新中国の新疆ウイグル自治区となってからは、漢族移民が急増した。文化大革命中にはイスラム寺院が破壊されたり、教典が焼却されたりして、ウイグル族は不満を募らせてきた。

自治区は国防のうえで重要な国境地帯にあり、全国土の6分の1を占める。石油や希少金属などの鉱物資源にも恵まれている。中央政府は領土保全を優先するあまり、そこで暮らす人々の心情への配慮を怠ってきた。

1949年には自治区に25万人しかいなかった漢族が、今は800万人を超える。軍人を含めれば最大の民族集団といわれている。ウルムチではすでに漢族が人口の大半を占める。

毎日新聞社説・・・中国新疆ウイグル自治区の区都ウルムチで大規模な民族暴動が起きた。当局の公表した死者数は150人を超え、負傷者は1000人以上。死者数では昨年春のチベット暴動を上回る。

暴動後、警察が多数のウイグル人を連行したため新たな抗議デモが起きている。一方、漢民族の対抗デモも起き、民族対立の不穏な様相だ。

中国は今年秋に建国60周年を迎える。いまや世界第2位に迫る経済大国に成長した。だが、チベット、ウイグルという建国以来の民族問題をいまだに解決できないのは、民族自治を尊重しようという寛容さに欠けているからではないか。

 今回の暴動の背景にあるのは、少数民族に対する人権抑圧だろう。主要8カ国首脳会議に出席する胡錦濤国家主席は、国際社会に向かって武力弾圧一辺倒ではない問題解決の道筋を示してもらいたい。

 事件の全容はまだ明らかでない。これまでの報道によると、発端は広東省で起きたウイグル人出稼ぎ労働者襲撃事件への抗議行動である。インターネットを使った呼びかけに応じて、ウルムチ市内の公園で抗議集会が開かれた。
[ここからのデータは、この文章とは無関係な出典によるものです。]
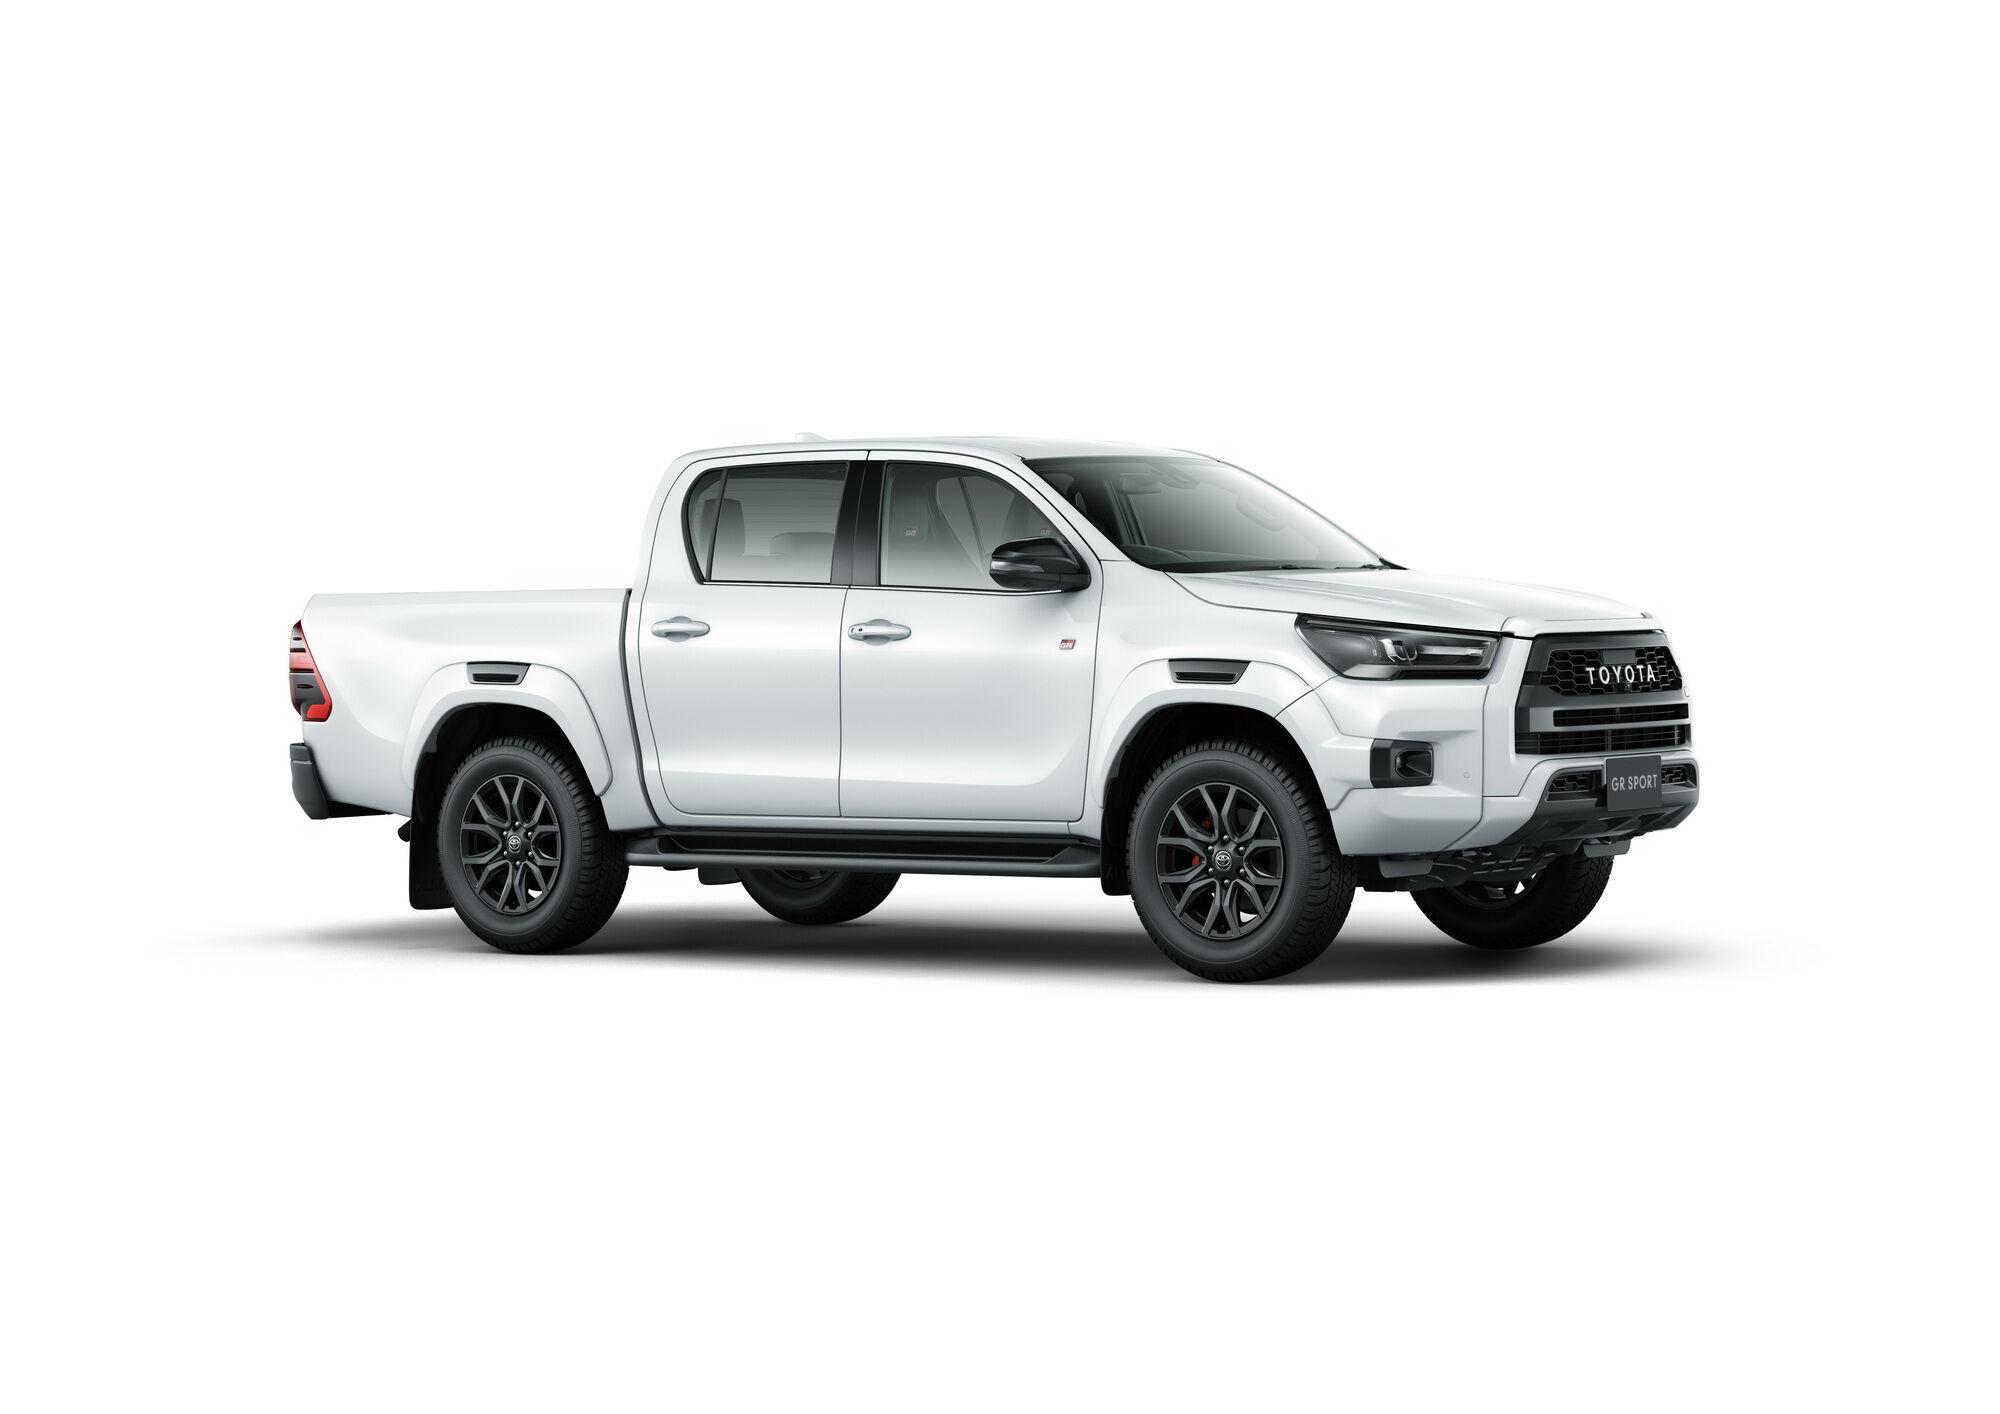 За основу для создании новинки был взят топовый вариант Toyota Hilux

それを鎮圧しようとした警備当局と衝突になり、暴徒化したウイグル人が漢族の通行人を襲い、バスなどに放火したらしい。

昨年、カシュガルで起きた国境警備隊襲撃事件については、東トルキスタン・イスラム運動(ETIM)によるテロとされ、イスラム教徒の弾圧監視が行われた。
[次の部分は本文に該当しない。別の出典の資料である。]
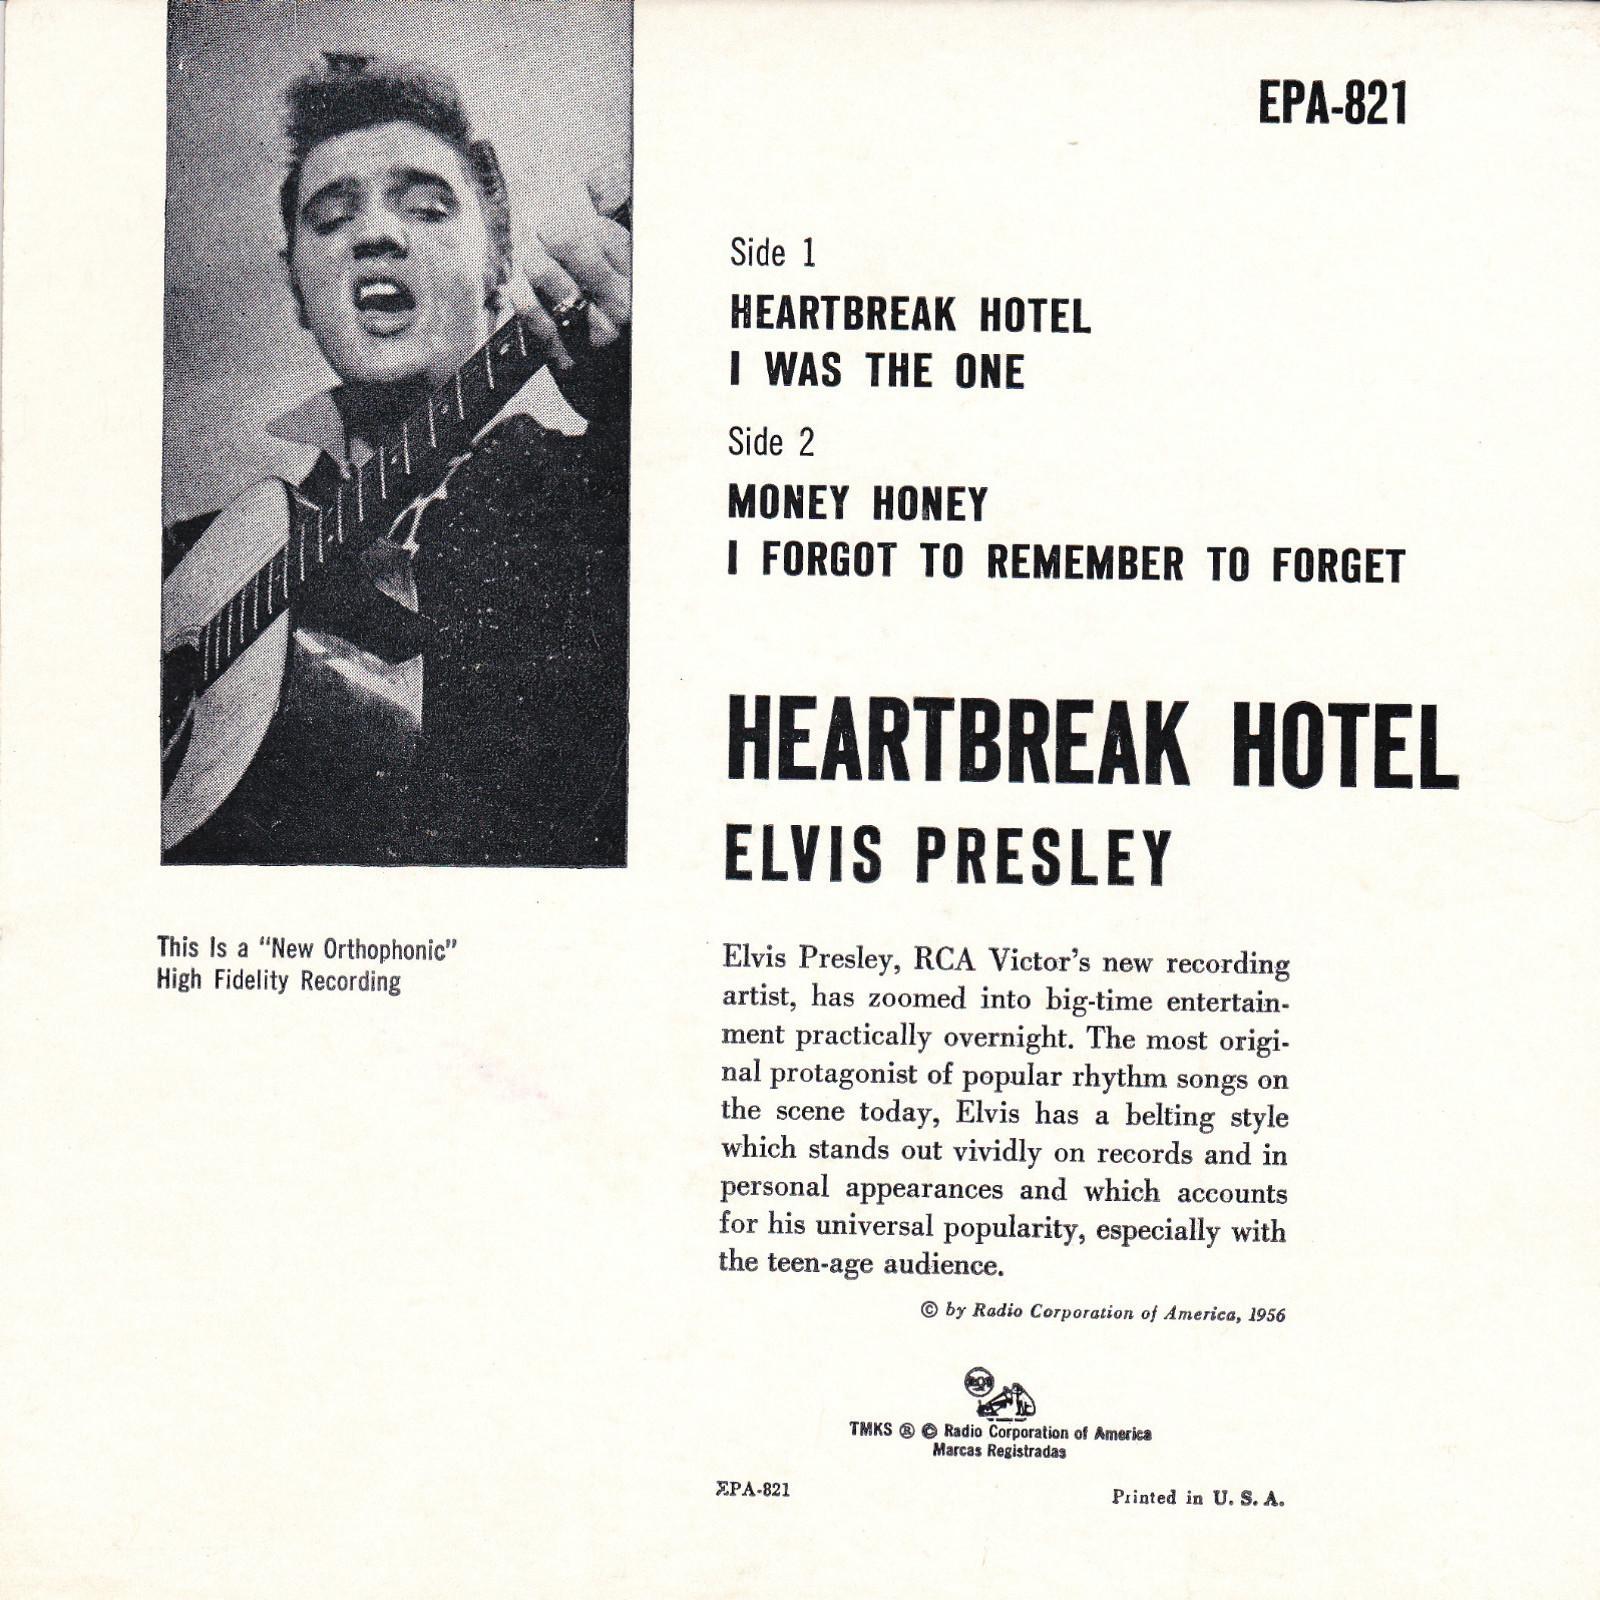 HEARTBREAK HOTEL Epa-821b9cuqh

今回は、亡命ウイグル人で組織する世界ウイグル会議(本部ドイツ)が主導した国際陰謀のせいにしている。だが、人権侵害に対する抗議行動を警備当局が力で抑えつけようとしたのがそもそもの原因ならば、ウイグル人の不満解決なしに治安が回復することはないだろう。

ウルムチはウイグル人の居住地区と漢民族の居住地に分かれている。言語、宗教、生活習慣が違うだけではない。民族の違いによる所得格差が歴然としている。同じことはチベットでも言える。民族自治区域において、その土地の少数民族が貧しく、外来の漢民族が豊かなのは、民族政策に問題があるのではないか。

治安の悪化は、少数民族地域だけではない。中国全土で住民と警察の衝突が増えている。1000人を超えるデモや集会は5月だけで約2万5000件に達し、過去最高記録を更新したという。人権侵害への抗議や労働争議が増えたためだ。

世界が中国の成長力に注目している。中国の成長維持は、社会の安定を維持できるかどうかにかかっている。社会の安定をはかる真の力は武力ではない。寛容な政治である。